Monday, October 15, 2012

All Gave Some; Some Gave All

I wanted to post this so that it could be seen by others. The thoughts below are those of my father's. I hope you enjoy them.

 It was June 1965 and I was graduating from high school.  I was on my way to college at the College of the Holy Cross.  My entire future was in front of me.  I did not have a good handle on my future aspirations other than wanting to help my fellow human beings.  I still hung with a dream of becoming a doctor but I would not get that opportunity in my freshman year as the college had only accepted me with the option for pre-med after my freshman year.

In moving in, I met many of my classmates who were engaged in the ROTC program.  I was not convinced that the Vietnam War was a solution for America.  My generation had lived through the assassination of its president in 1963.  My generation had been moved by President Johnson’s “New Society” program as a solution for the divisions that was within our country could be resolved.  But then all resources seemed to be turned towards the war effort.  What had previously been an advisory role in that country had been converted to armed support for the South Vietnamese.  What had previously been a rather innocuous registration in the Selective Service had become a badge of courage or, at least, a badge of identification and tracking of each male 18 years old in America.
Just as suddenly, the nightly news was absorbed with the battle fields of strange sounding names- Saigon, Tet Offensive, Mekong Delta, and leaders of that country- Diem, Ho Chi Ming.  It was described by our leaders as a war against Communism, a civil war, a war that must protect our home land’s security.  All confusing, all complicated engagements.

It was a thousand miles away but involved our every day.  It enlisted voluntarily or involuntarily millions of young American men.  Men who were 18 or older.  Are they men?  They could not even buy a beer. 
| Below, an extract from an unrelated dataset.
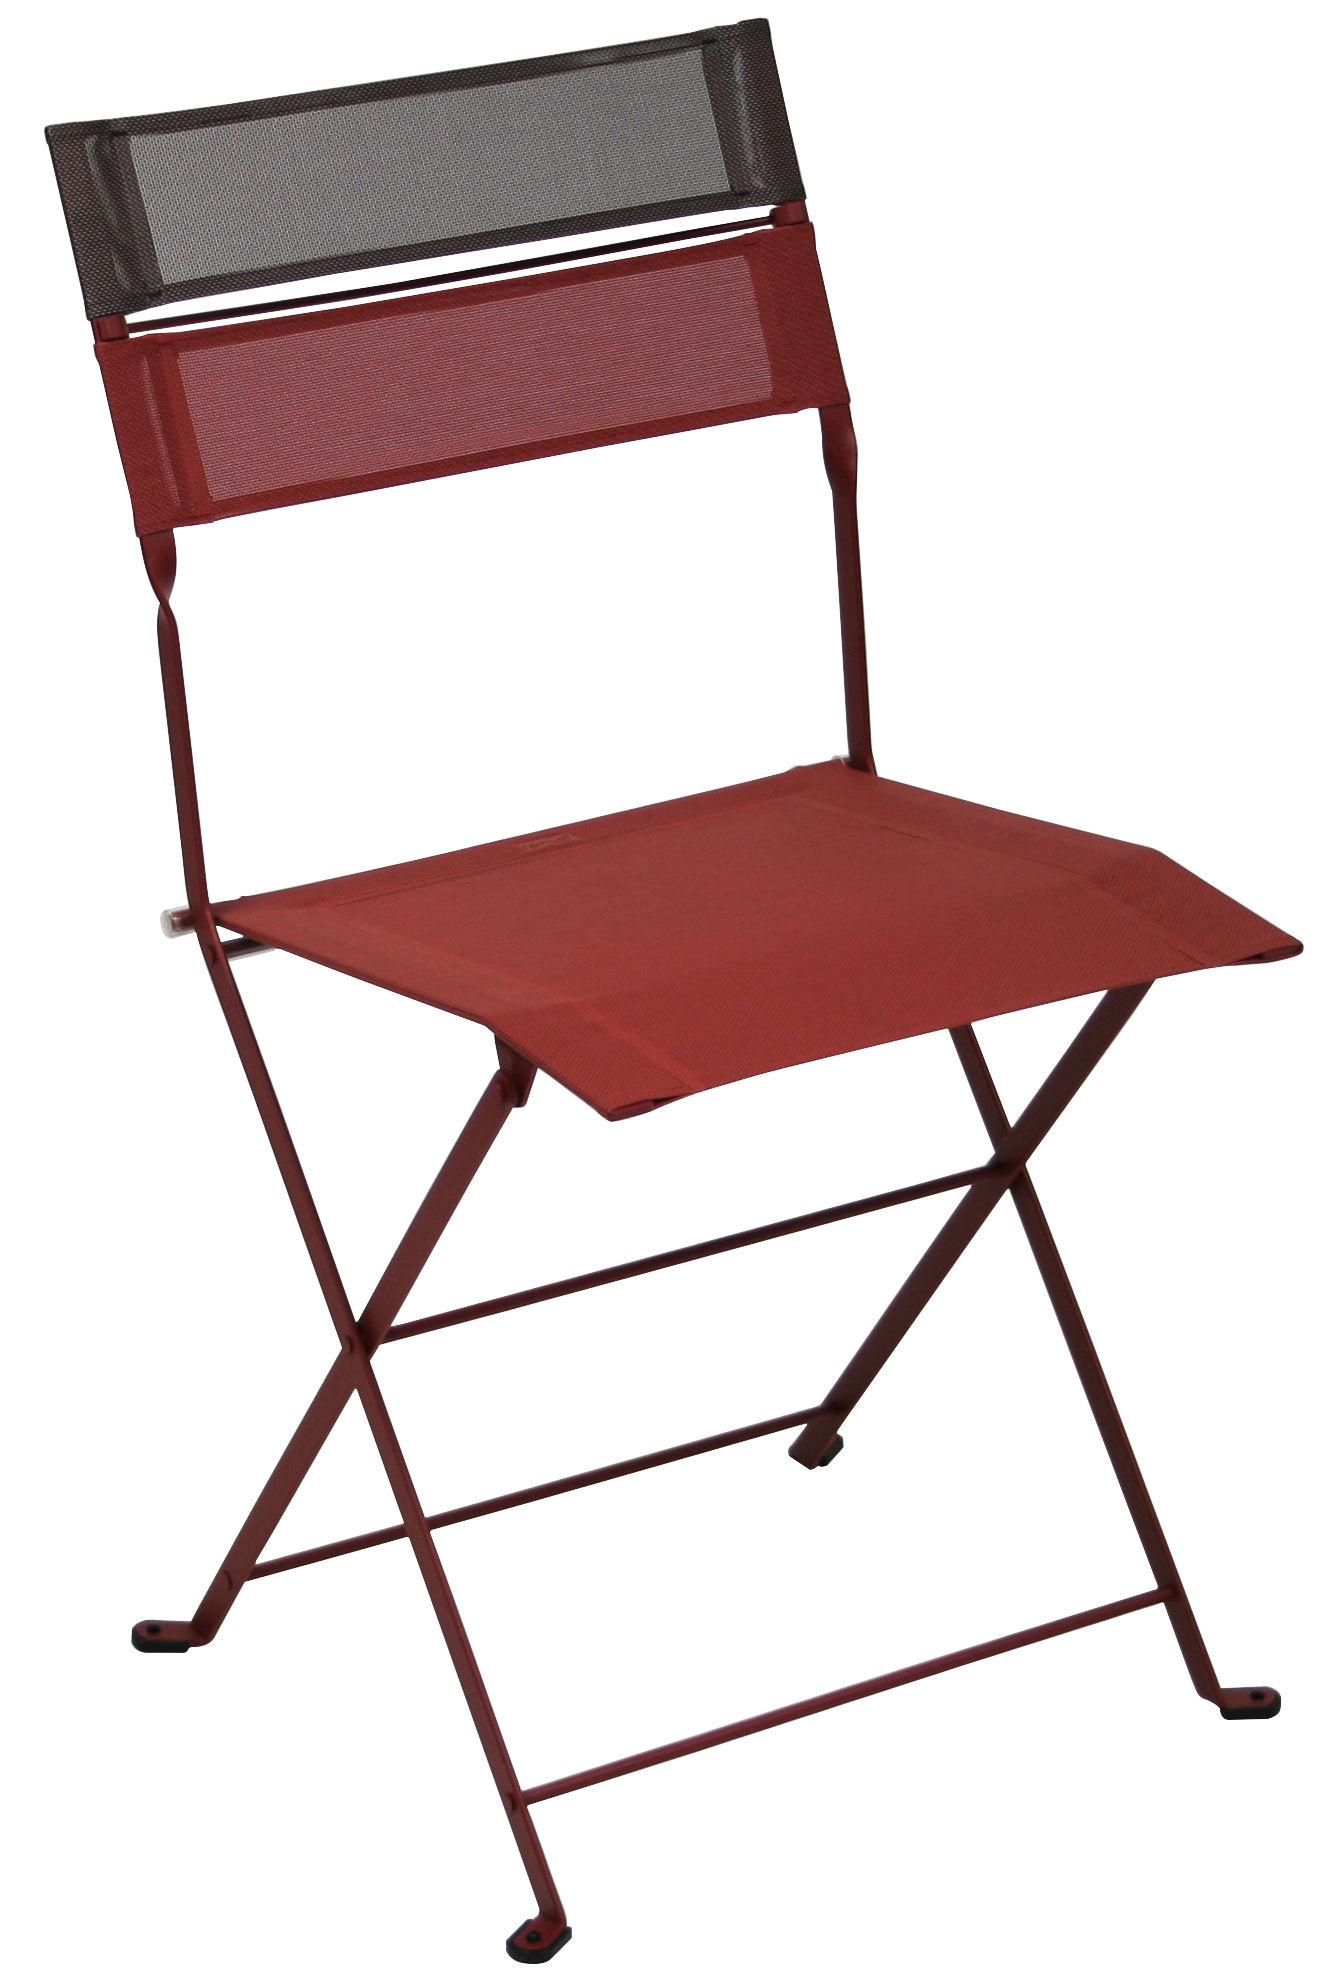 Chaise pliante latitude toile structure piment bandeau rouille fermob - Chaise pliante en toile ...
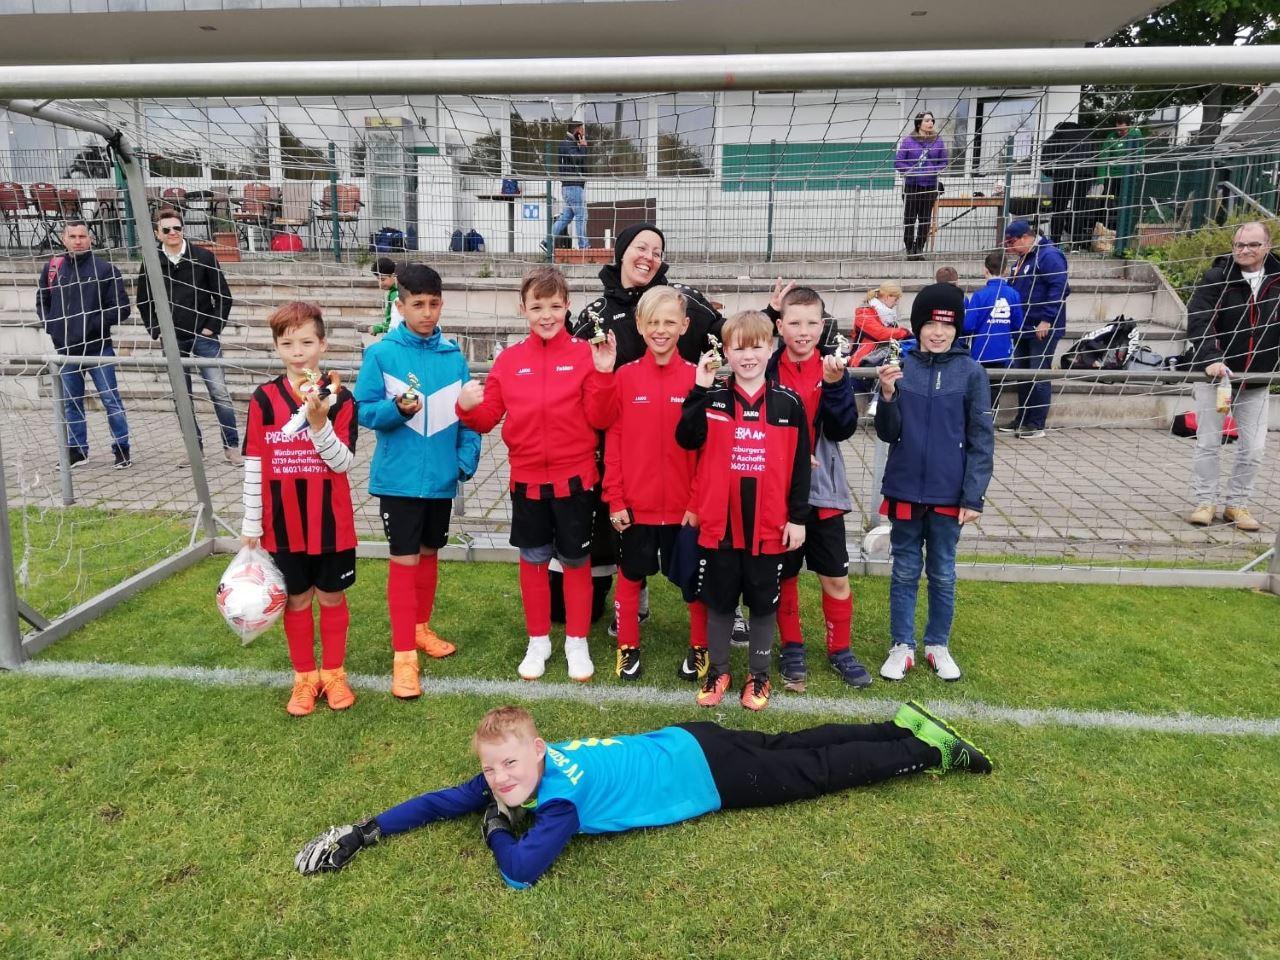 TV Schweinheim Fußball E-Jugend beim Oster-Cup Strietwald

And then it really hit home for me when my first classmate would be killed ‘across the pond’ in a rice paddy.  Jay Hurd had graduated with me.  He was a great young guy.  He was in the high school band.  He was destined to be a great father. Then Chuck Whittecomb would die as a tail gunner in a helicopter.  The military would say that the life expectancy for them was less than a half an hour.  What was he thinking?  We would not ski together.  I would not hear him play the drums in a band of young people singing Beatles and Beach Boys. Then Bob DeRoy would die.  I would no longer play baseball with him.  He would never return to home and raise a family. 

 Why them and not me?  We all grew up together.  We all went to school together.  We had all thought about starting a family.  Coming home to buy a house. 

 Even though I served my country, I do not consider myself in the company of these American heroes- who left the security of their loved ones and home, to fight for the freedoms we knew so little about in a country whose language we could not speak, who would die without any loved ones there to protect them as they suffered, who would breath their last breaths with the smell of gunshots hanging over them in this air hanging over their heads.

 These would not be the only ones who would lose their lives to that war- Bob Ahern, who volunteered to serve after law school because it was the right thing to do, who it would be determined would be killed by friendly fire, the only child of his father and mother, and his father and mother would never be the same.  Jim Sawyer whose mother was a registered nurse with mom, who was a year behind me in school.   Dave Hill, whose hearing would have been taken from him after serving in the artillery unit in Vietnam but could no longer hear the train approaching on the train tracks. 

 And the end of the war was one I don’t want to see repeated in Iraq or Afghanistan, we abandoned our allies to be killed, imprisoned, and worse.  We fled their allegiance.  We turned our backs on them.  We said our word is not worth the paper it is printed on. 

 Seeing that wall tears at emotion that I have inside- sadness, self doubt, anger, shame, courage, love, and pride in a generation which has been called lazy, undisciplined, “sex, drugs, rock and roll”.  We challenged authority because we saw so many die without reason.  We envisioned a world that could live in peace.  We knew what commitment was.  These 57,000 never ran.  These stood for our rights to disagree with leadership and died never knowing that even though they did not win in those rice paddies, they won at home.  They may have not received the accolades that today’s soldiers receive but accomplished much because they insured that we, indeed, still have those freedoms. 

 And I wonder how my two boys could have chosen as my classmates and I know that they learned that it is important that we are given opportunities to make a difference each in our lives.  We must have the courage to answer that challenge.  We run the race, we must win the fight. 

 As the country song says, all gave some and some gave all.  Those names represent those whose legacy is that they gave it all and that we all need to know legacy will always burn bright no matter that the monument is back for the conflict that we had within ourselves.